ECLI:NL:CRVB:2009:BH8766
Centrale Raad van Beroep
- Hoger beroep
- Rechtspraak.nl
Herziening van de WAO-uitkering en de medische grondslag van het bestreden besluit
In deze zaak gaat het om de herziening van de WAO-uitkering van appellant door het Uitvoeringsinstituut werknemersverzekeringen (Uwv). De Centrale Raad van Beroep heeft op 27 maart 2009 uitspraak gedaan in hoger beroep. Appellant had eerder bezwaar gemaakt tegen de herziening van zijn uitkering, die was aangepast van 80-100% naar 35-45% arbeidsongeschiktheid. De rechtbank had het beroep van appellant gegrond verklaard, maar het Uwv ging in hoger beroep. Tijdens de zitting op 13 februari 2009 was appellant niet aanwezig, maar het Uwv werd vertegenwoordigd door A.B. Froentjes.
De Raad heeft vastgesteld dat het Uwv in hoger beroep de medische grondslag van het bestreden besluit heeft gewijzigd. De Raad concludeert dat er geen aanleiding is om te twijfelen aan de juistheid en volledigheid van de vastgestelde beperkingen van appellant. Appellant heeft geen objectieve medische gegevens overgelegd die aantonen dat hij op de datum in geding meer of anders beperkt was dan vastgesteld. De Raad onderschrijft de eerdere overwegingen van de rechtbank en concludeert dat de rechtsgevolgen van het vernietigde besluit in stand kunnen blijven.

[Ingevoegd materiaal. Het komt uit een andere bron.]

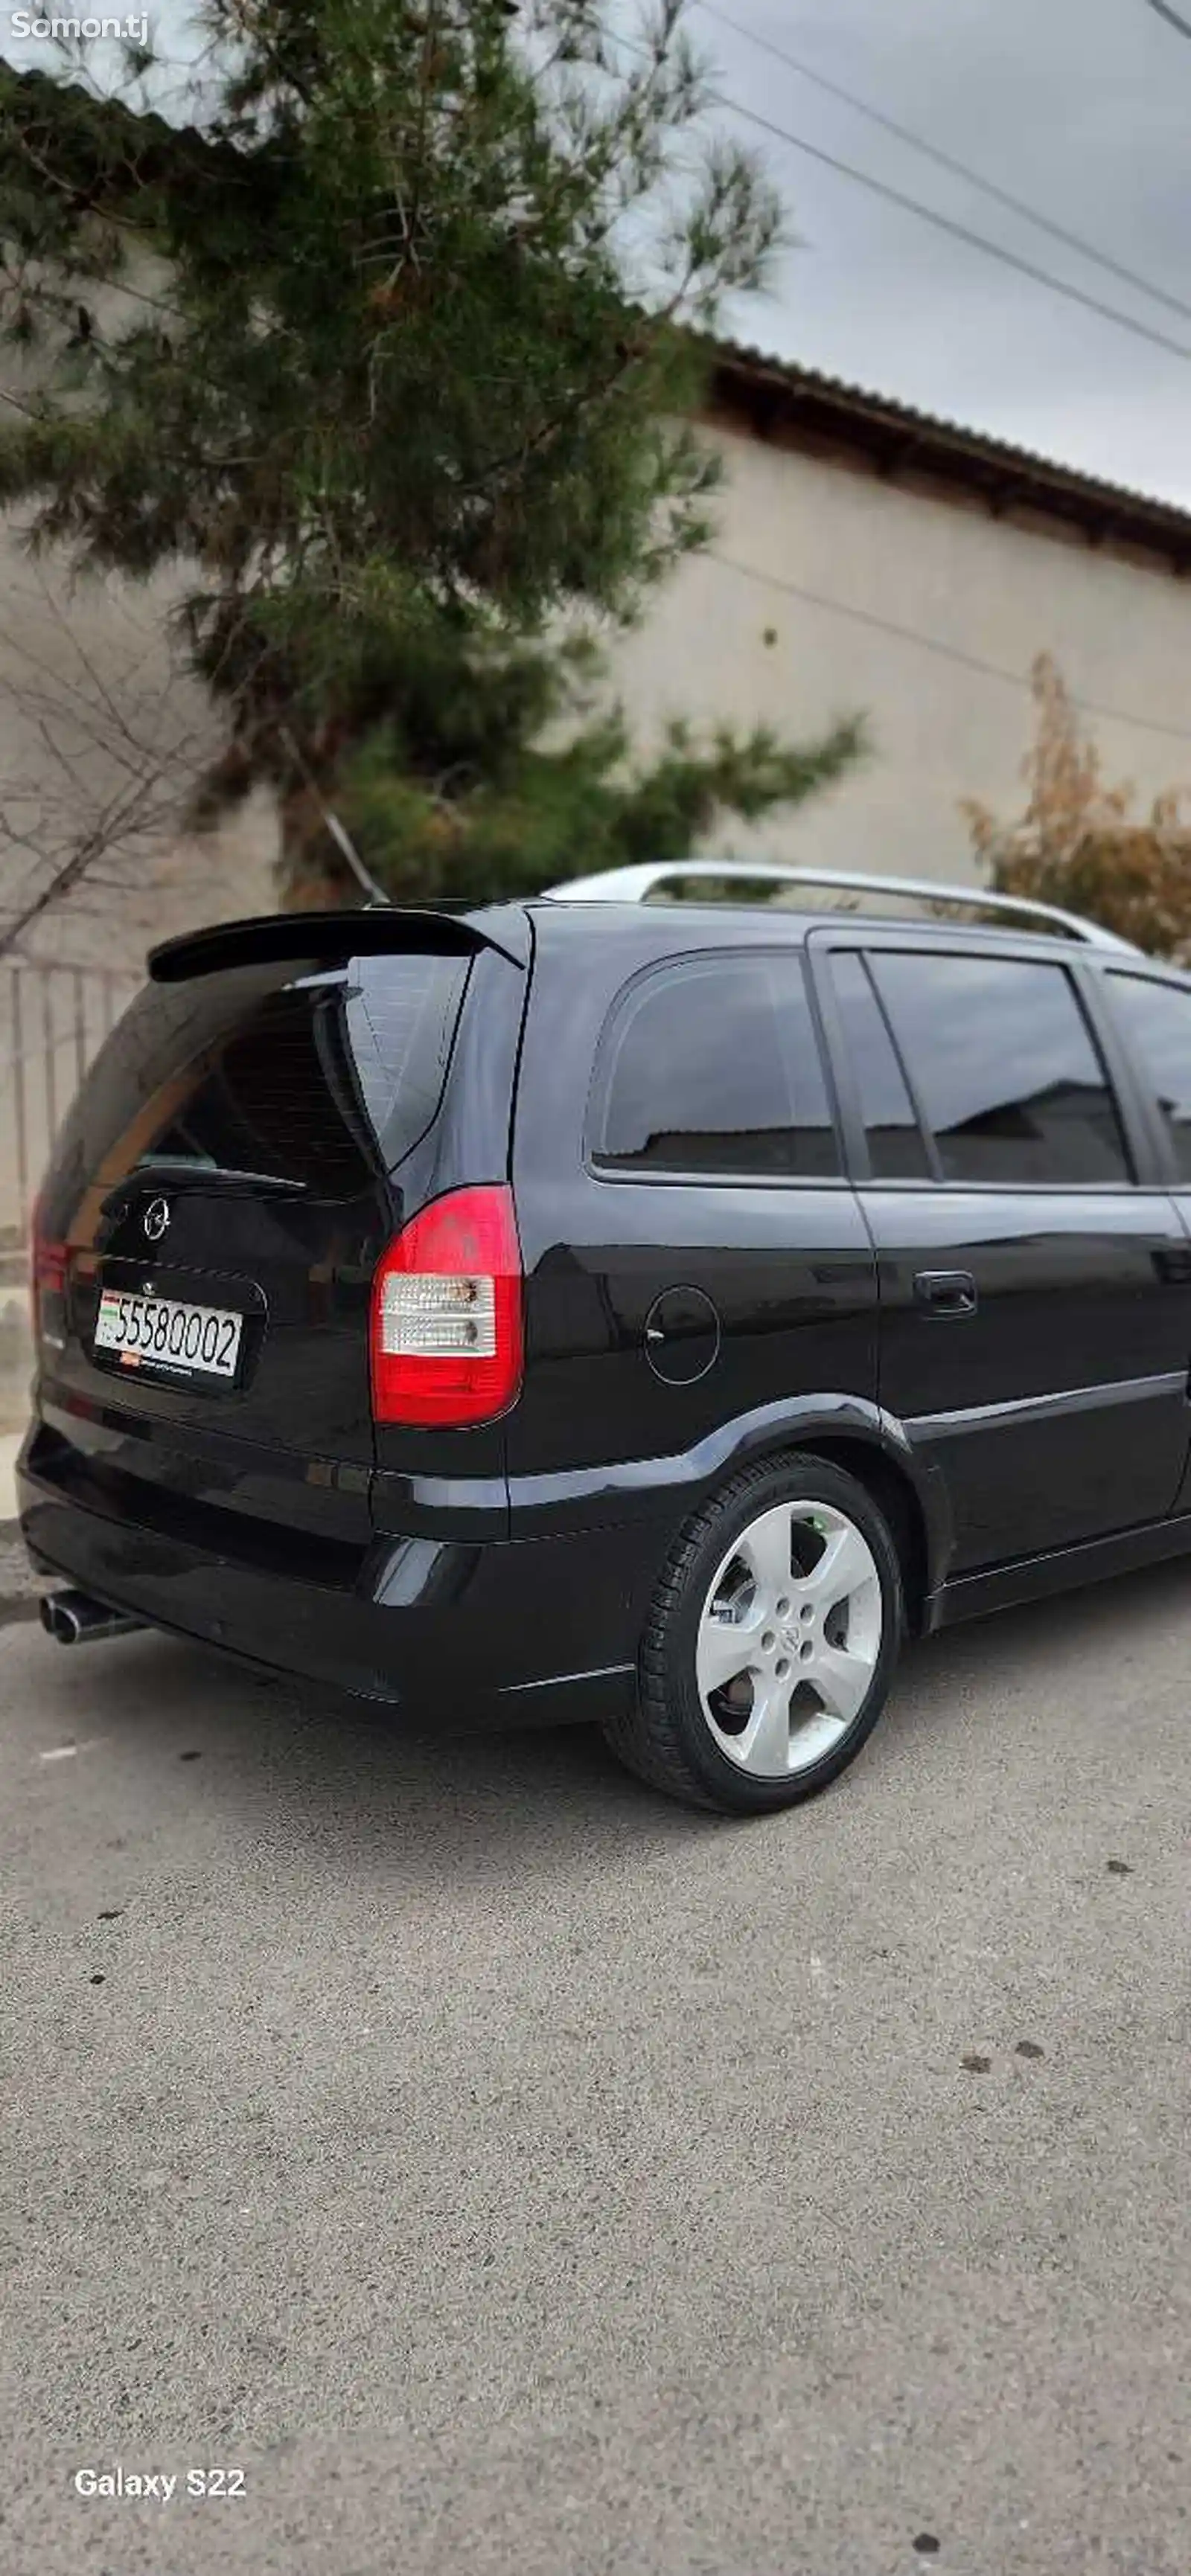 Opel Zafira, 2005-6

De Raad heeft ook de proceskosten van appellant in beroep en hoger beroep begroot op € 966,--, te betalen door het Uwv. De uitspraak van de Centrale Raad van Beroep vernietigt de eerdere uitspraak van de rechtbank, behoudens de niet-ontvankelijkheidverklaring van het beroep gericht tegen een besluit van 13 februari 2006. De Raad heeft bepaald dat het Uwv het door appellant betaalde griffierecht van in totaal € 143,-- aan hem vergoedt.